Data block –
·····
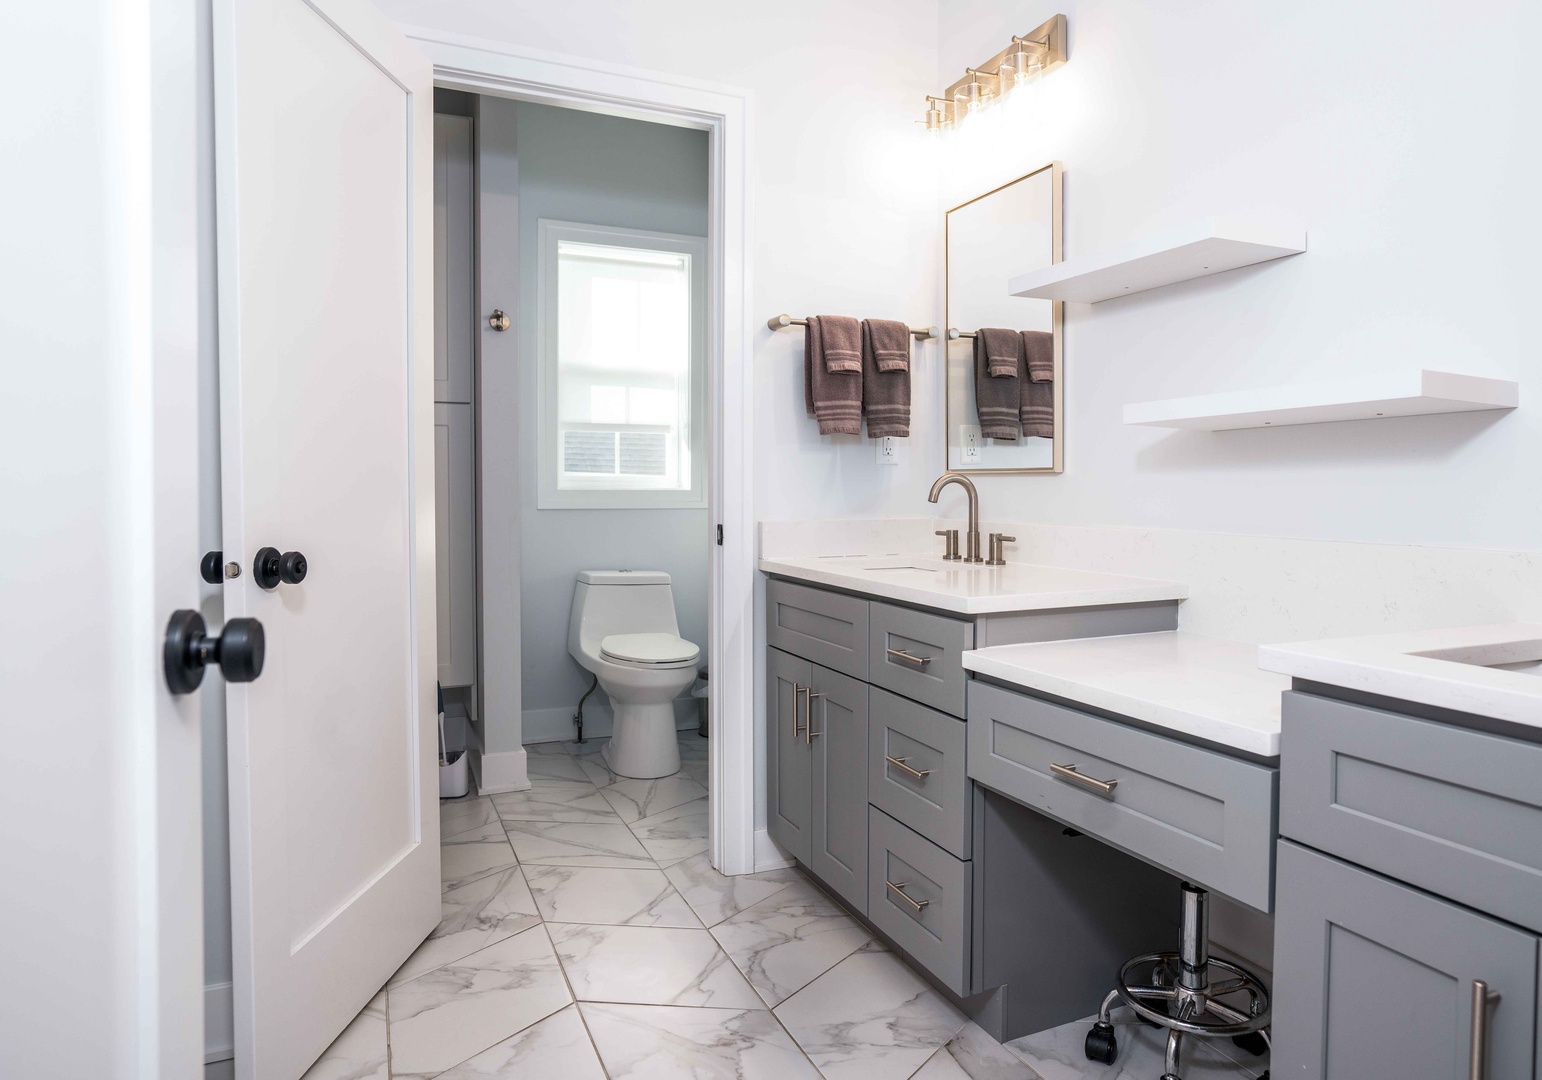 This private ensuite features a double vanity, makeup counter, & shower
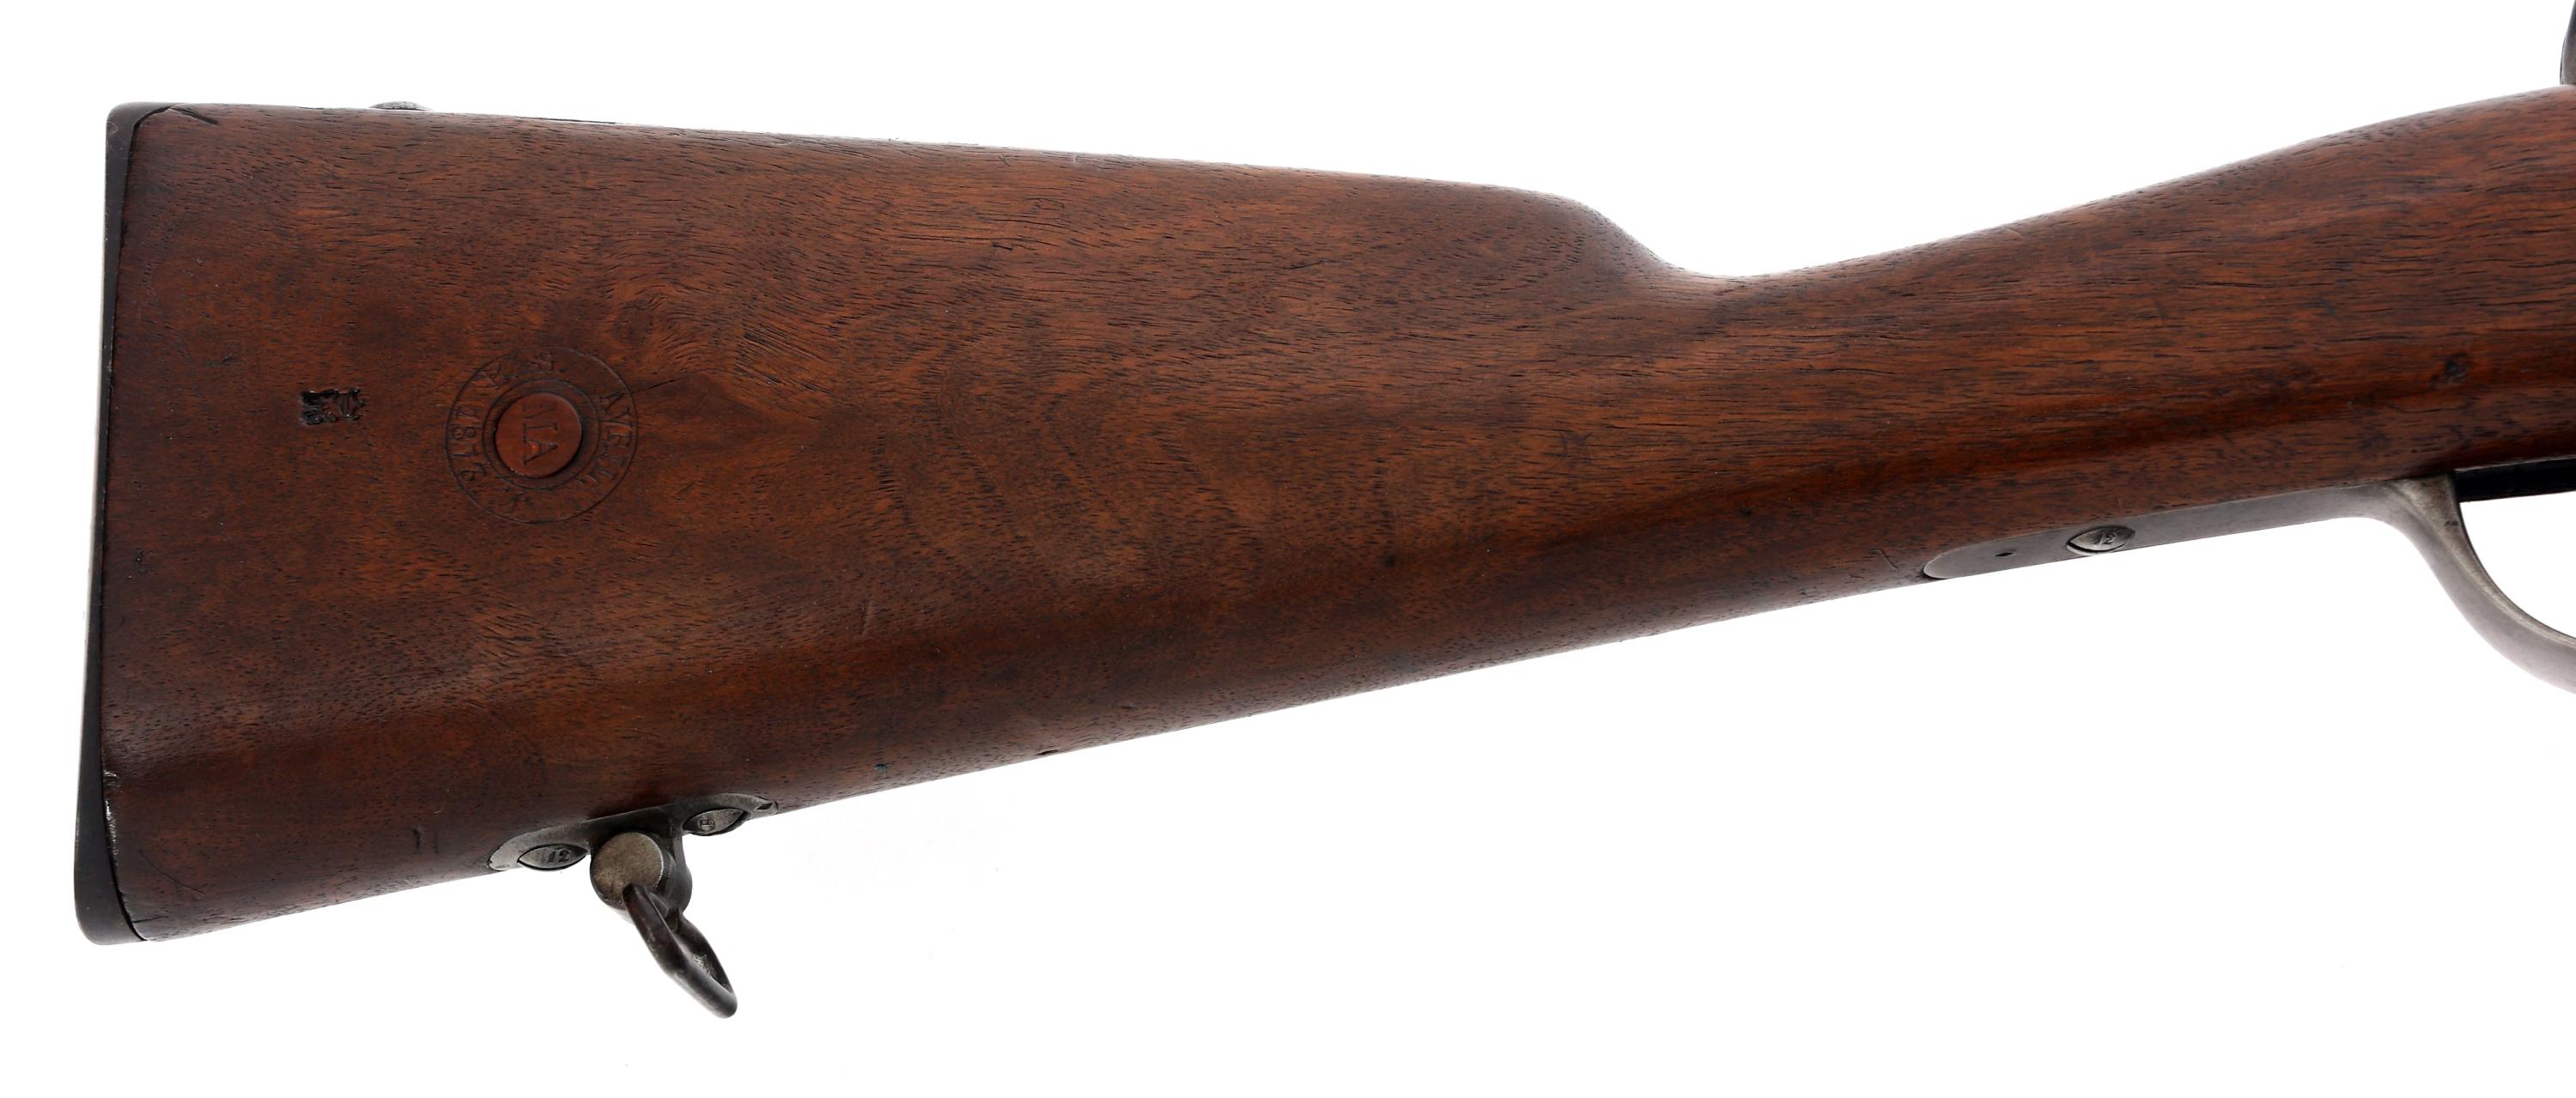 FRENCH ST ETIENNE MODEL 1866 11mm CALIBER RIFLE
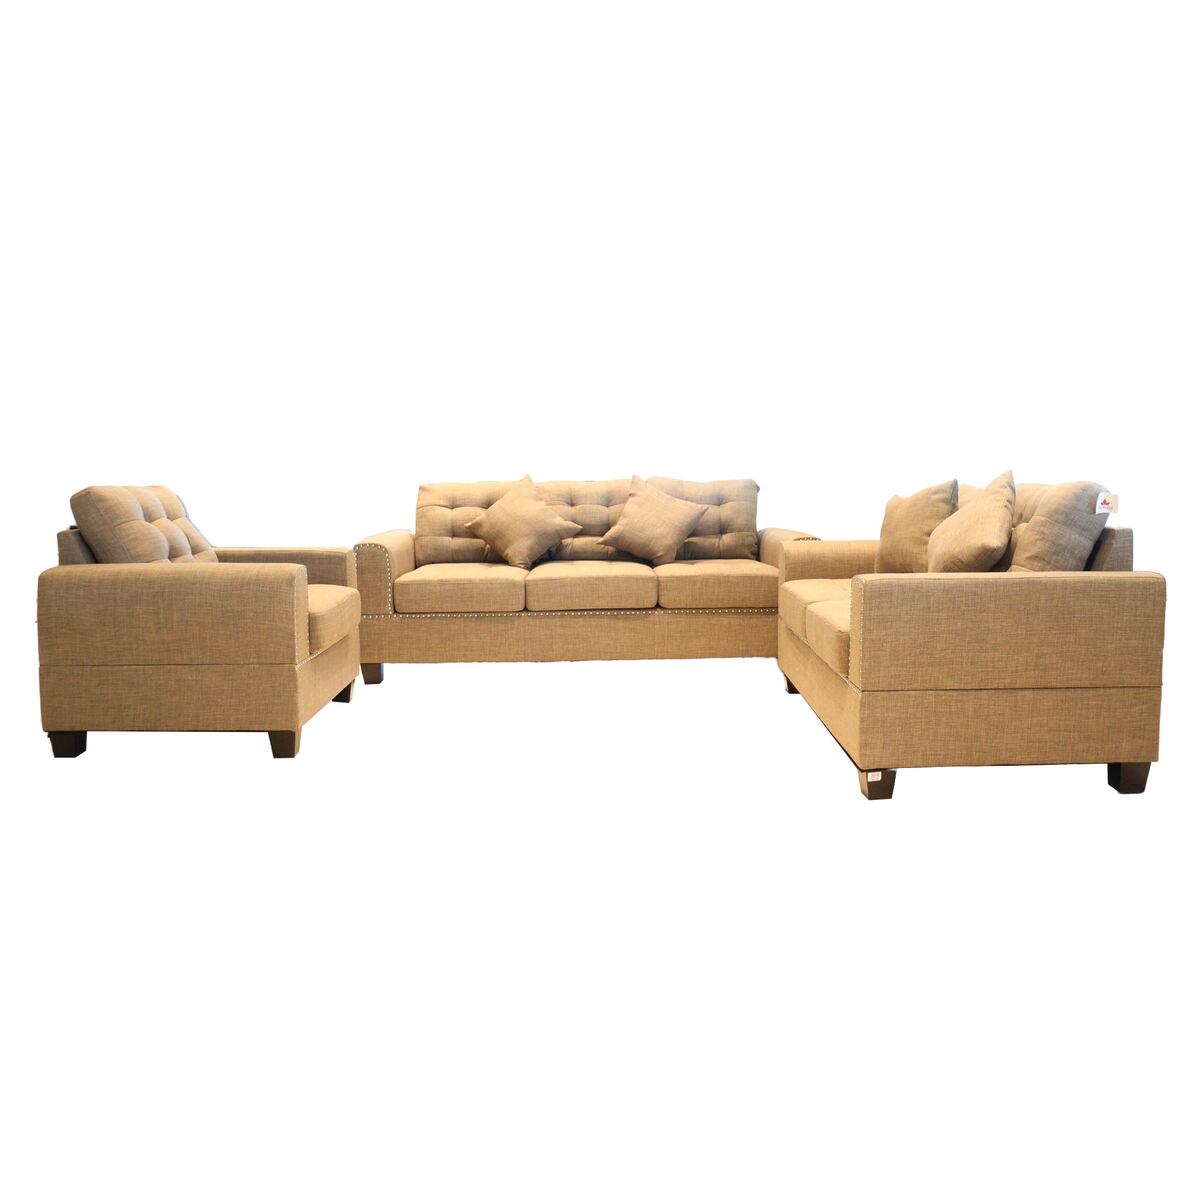 Maple Leaf Sofa Set 3+2+1 MLM111516 Brown,Size 1 Seater Size:85x85x90,2 Seater Size:85x85x145,3 Seater Size:85x85x204. (HxWXL -Cms)
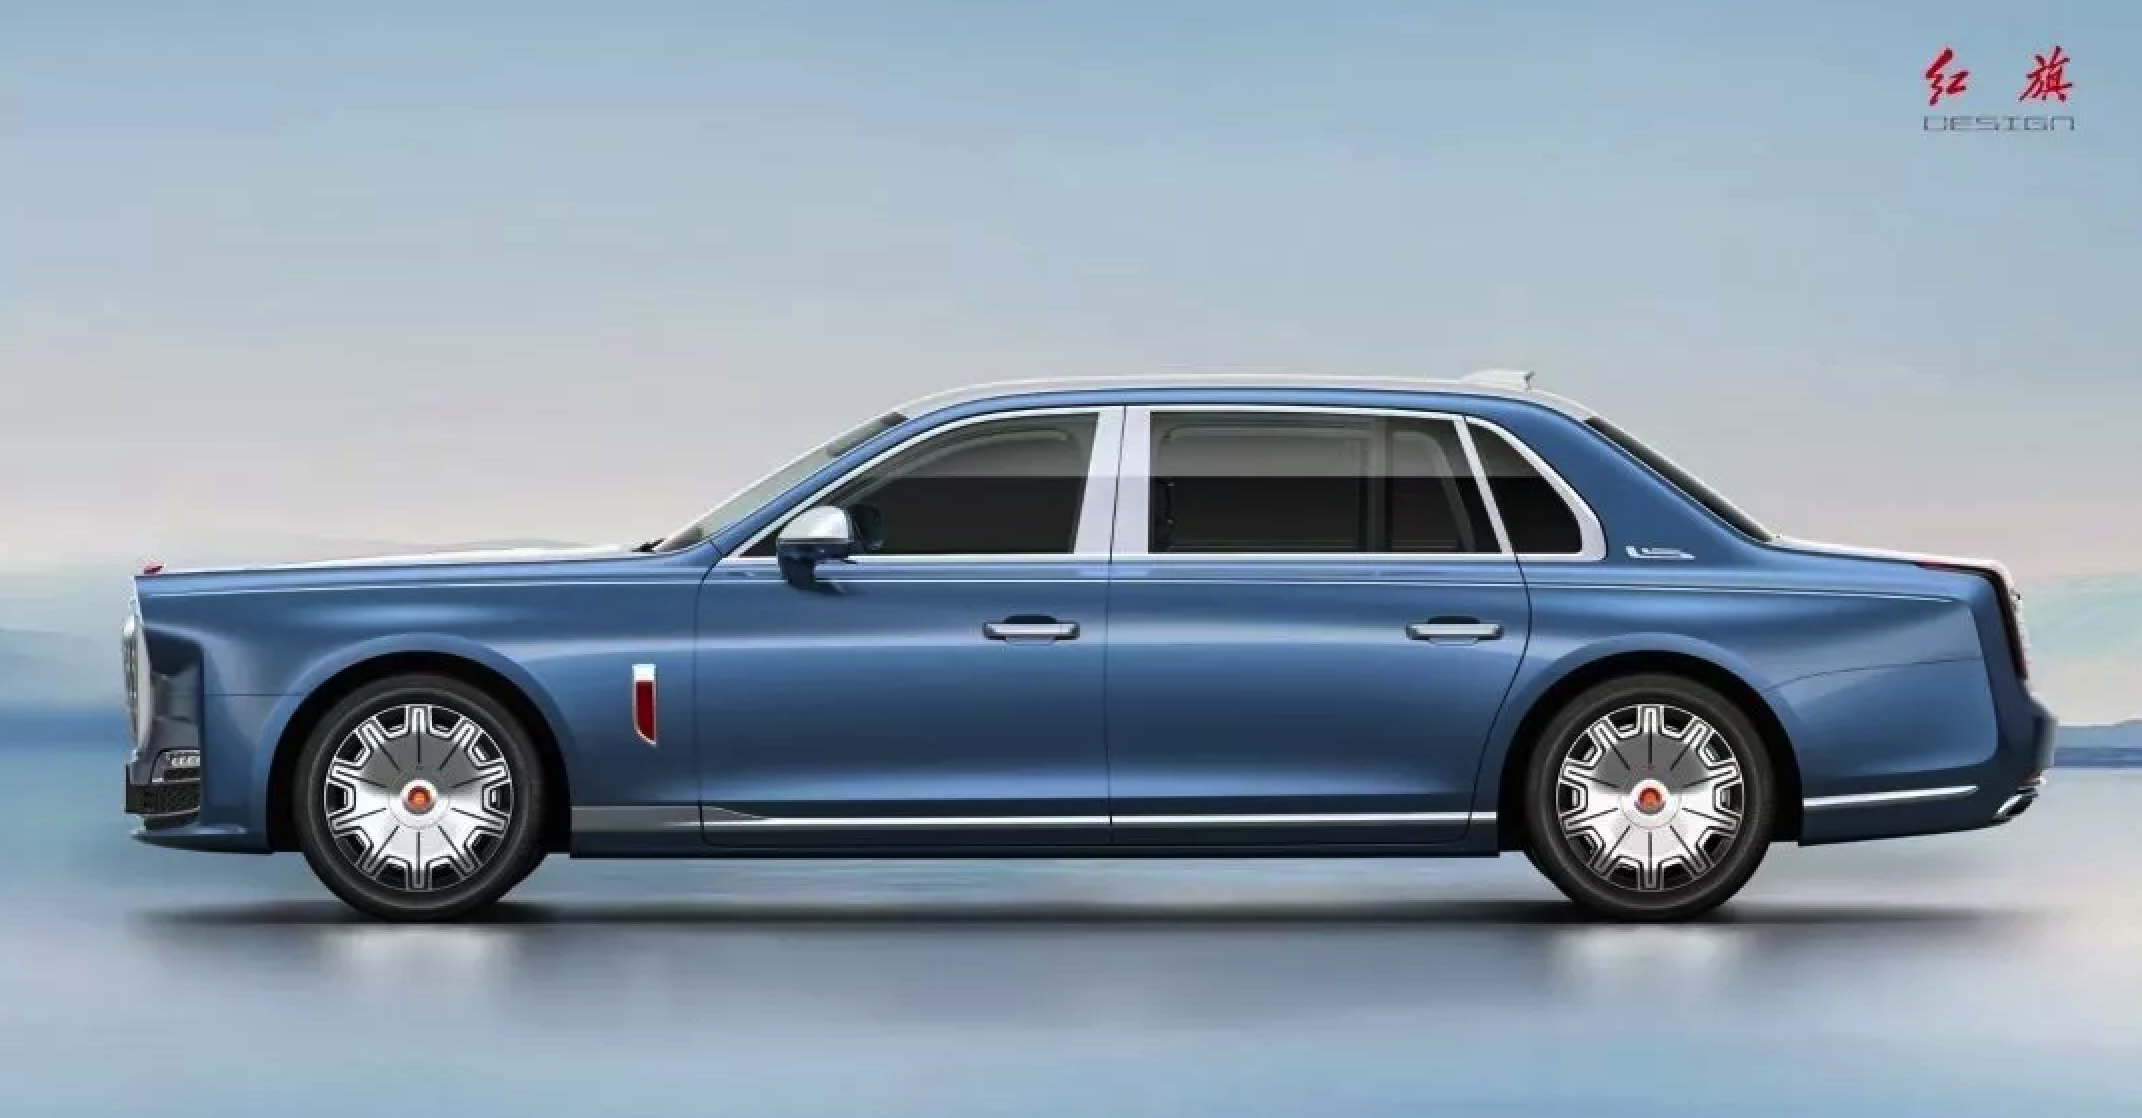 hongqi l5: china’s rolls-royce is back with a refreshed design
·····
Could you print the listing above exactly, without the pictures?

 This private ensuite features a double vanity, makeup counter, & shower
 FRENCH ST ETIENNE MODEL 1866 11mm CALIBER RIFLE
 Maple Leaf Sofa Set 3+2+1 MLM111516 Brown,Size 1 Seater Size:85x85x90,2 Seater Size:85x85x145,3 Seater Size:85x85x204. (HxWXL -Cms)
 hongqi l5: china’s rolls-royce is back with a refreshed design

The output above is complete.